WHAT TO WORK ON>
Exactly as they appear below, repeat the lines from the one with "Courses de kart pour enfants Photo Stock" through the one with "irlande du nord carte". Drop every picture.

INFORMATION SUPPLIED>
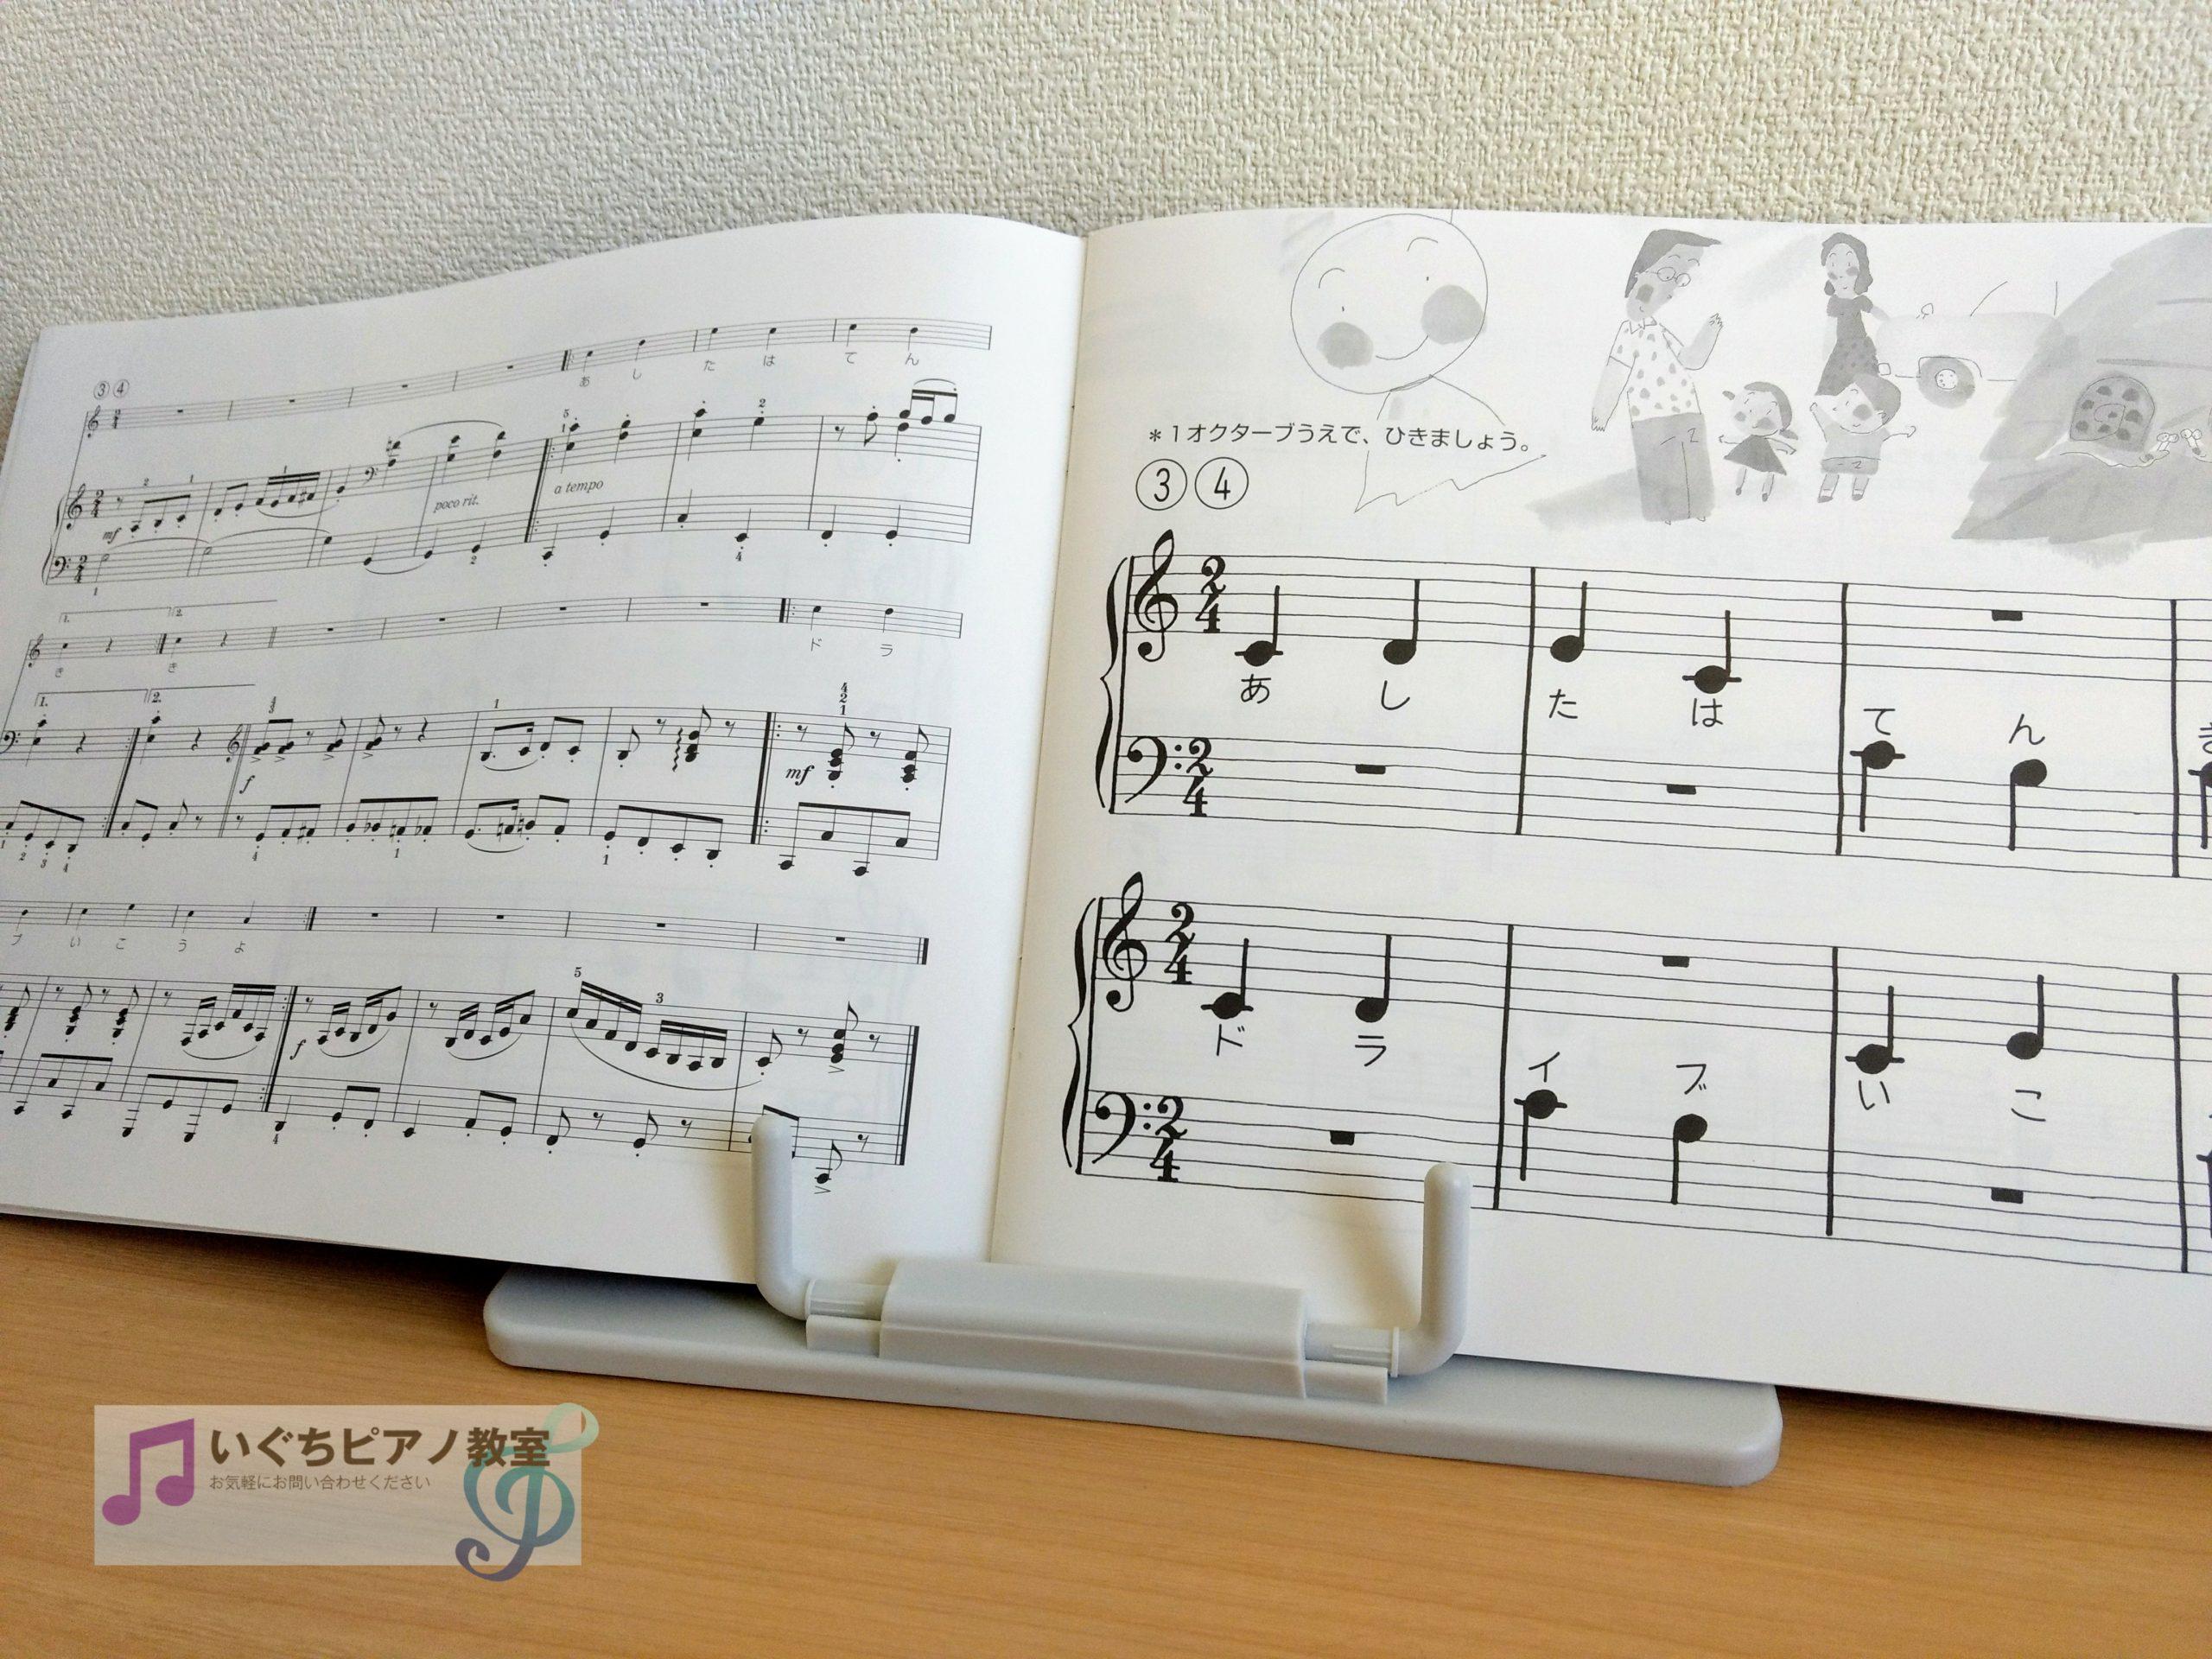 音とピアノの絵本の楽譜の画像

* * *

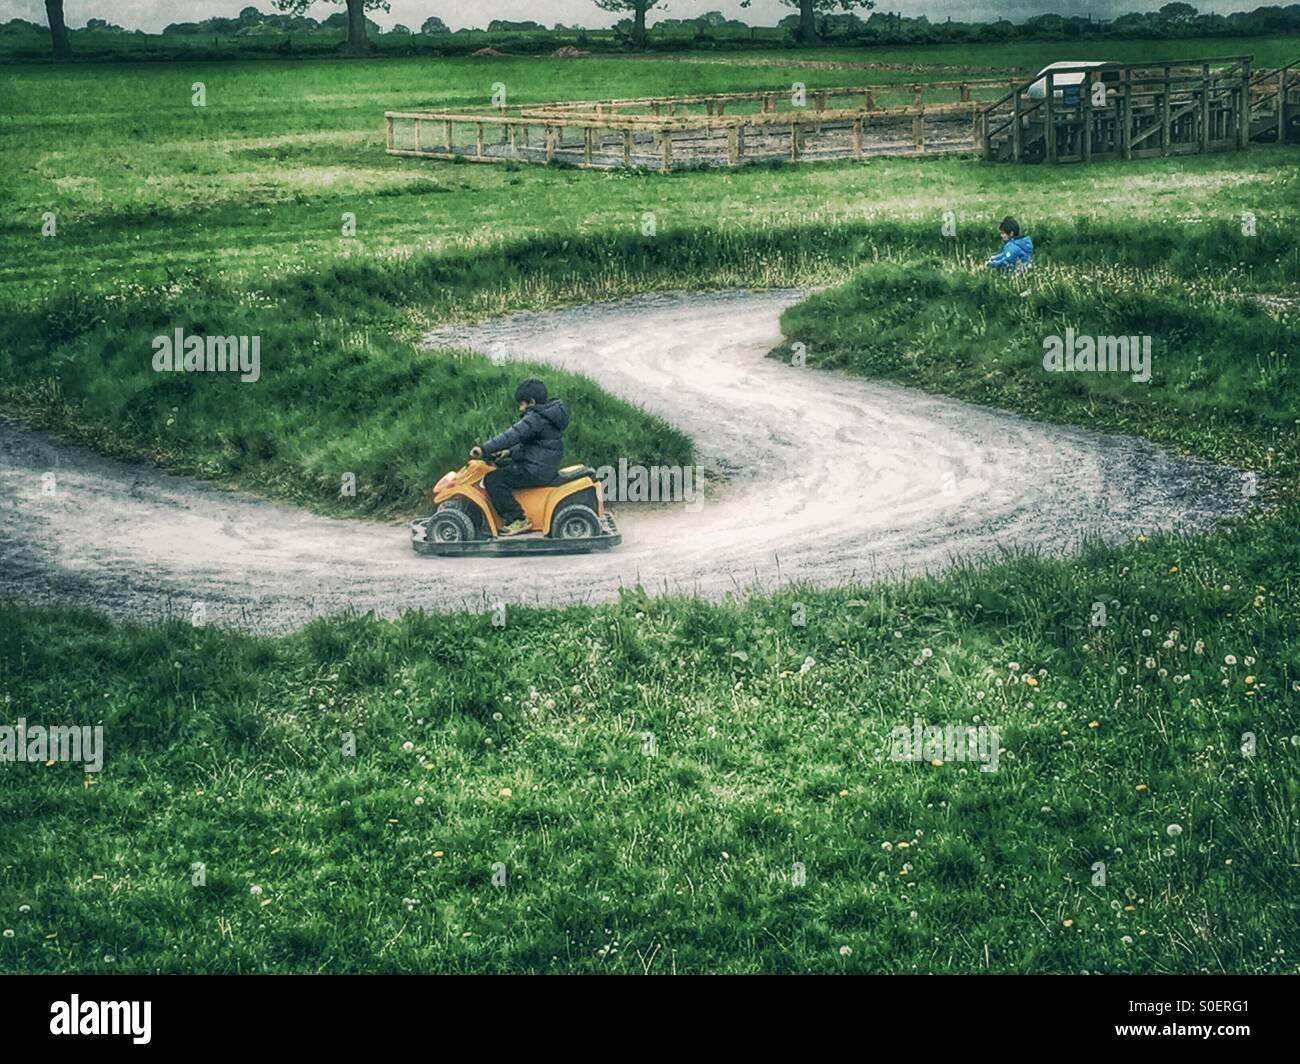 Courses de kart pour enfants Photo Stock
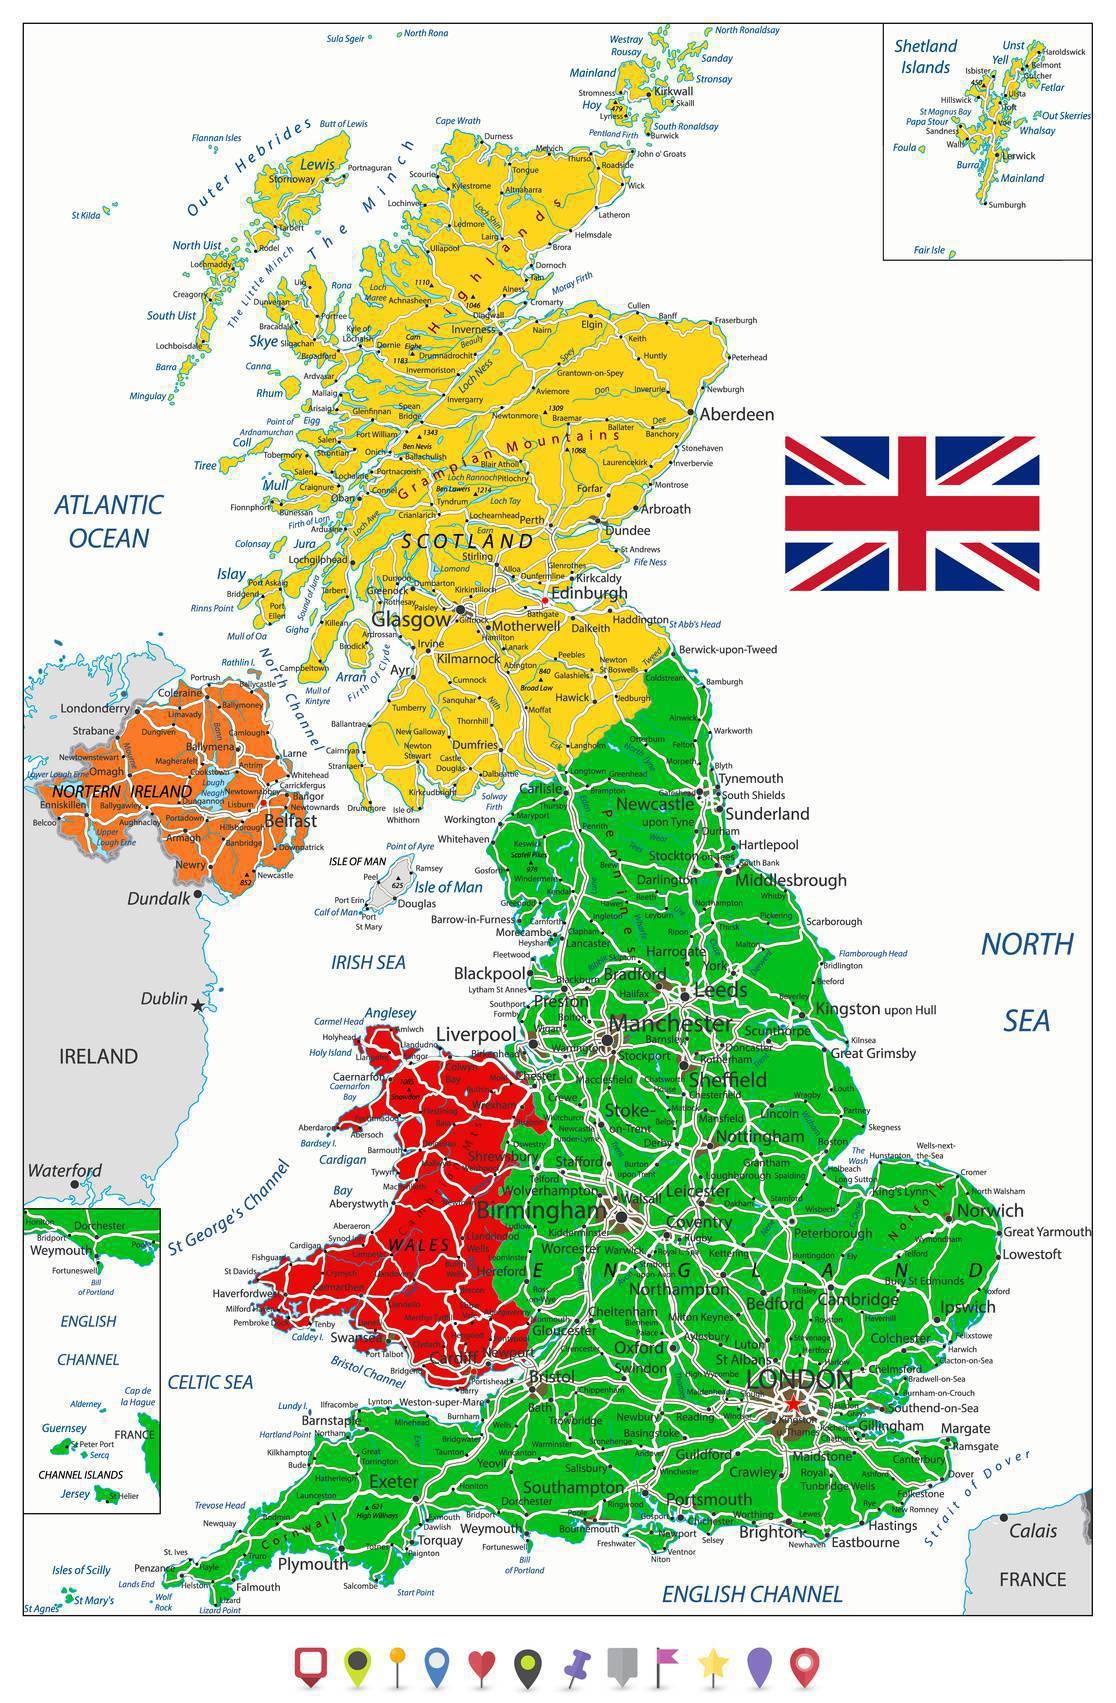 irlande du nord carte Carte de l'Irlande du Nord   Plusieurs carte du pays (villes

OUTPUT>
 Courses de kart pour enfants Photo Stock
 irlande du nord carte Carte de l'Irlande du Nord   Plusieurs carte du pays (villes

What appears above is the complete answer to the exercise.